# Movies that Stay With You



## Throwaway Style (May 1, 2006)

For me, a good movie is one of the best things around.  In my book, good movies are up with good make-up, just things that make life more enjoyable.  
I don't consider myself stuck up about movies, but there are of course certain movies that make me cringe. 
So I figured, it's always fun to talk about good movies,  like, you know, those ones you never ever forget.  
Here are a few movies that I find to be quite special, 

*Everything Is Illuminated* 
I just watched this tonight, and i'm not sure why but it hit a chord in my mind, and it just stands out to me as something good. Something really good.  I find it hard to explain why this movie is special, and there's nothing much I can say it other than rent it, and see what you think.  It's super diffrent than what hollywood has been throwing out at people recently.  

*Requiem for A Dream* 
So, I don't usually cry for movies. I've cried a few times, and one of the times wasn't even related to the movie, I was just emotional wreck, but when I saw this movie I could not keep myself from tearing up like a baby.  It was heartbreaking, and for me ,there is nothing quite like a heart breaking movie.  
for those who haven't seen it, it's about four people who are trying to live out their dreams, and they are just lead down the wrong road and their lives completely fall to pieces.  It deals A LOT with drug addiction, as it effects all the people in the movie.  
This is not in any way a happy movie, but it's for sure a moving movie.
I got really sad one day thinking of this movie, and had to go cheer myself up at M.A.C 
	

	
	
		
		

		
			





So those are two movies that stand out to me as something special. 

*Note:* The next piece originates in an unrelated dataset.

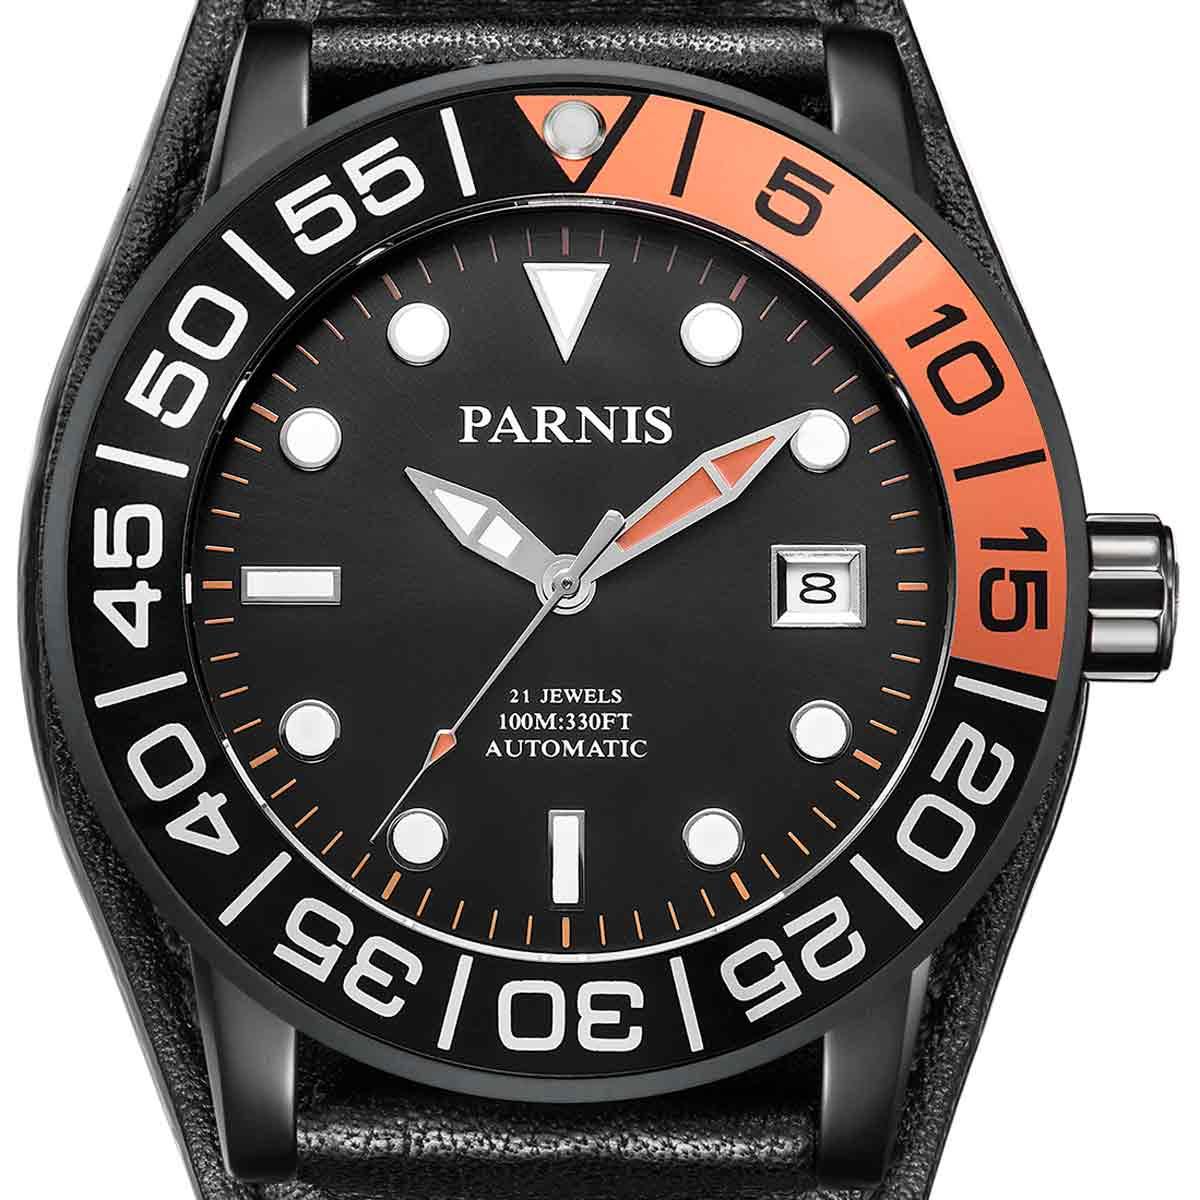 【NEW】PARNIS パーニス 自動巻き 腕時計 [PA6056-S3AL-BKorBK] 並行輸入品 純正ケース メーカー保証12ヶ月
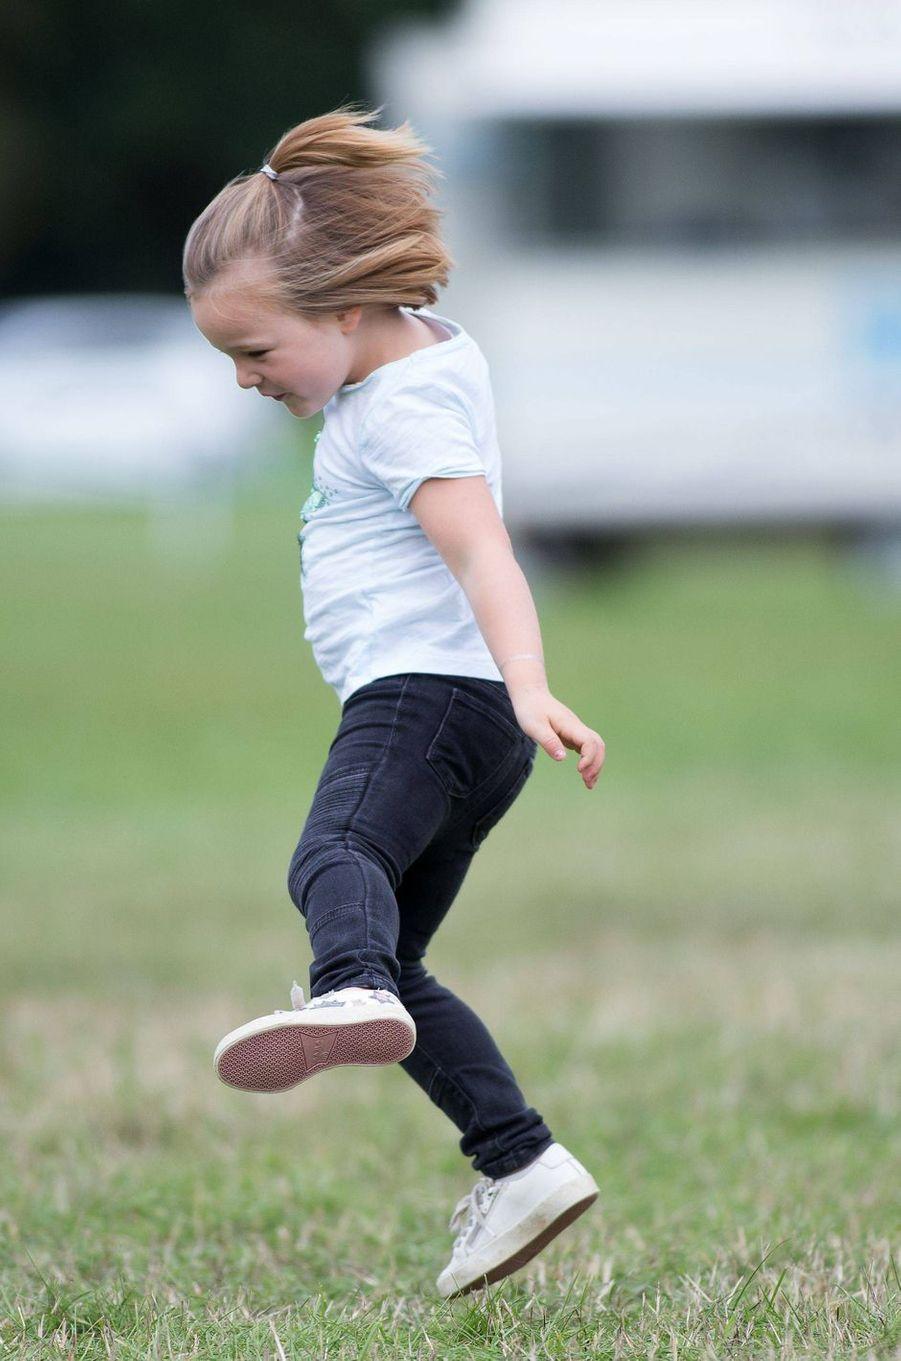 Mia Tindall à Gatcombe Park, le 9 septembre 2018

What are some movies that hold something to people here on specktra?


----------



## mspixieears (May 1, 2006)

I don't think of it as deeply moving in a personal sense, only in a I'm human kind of way, but Roman Polanski's_The Pianist_ stayed with me for weeks after I went to see it (alone, duh what a dumb idea). There is a blast in a building and full-on, it's like actually experiencing the blast.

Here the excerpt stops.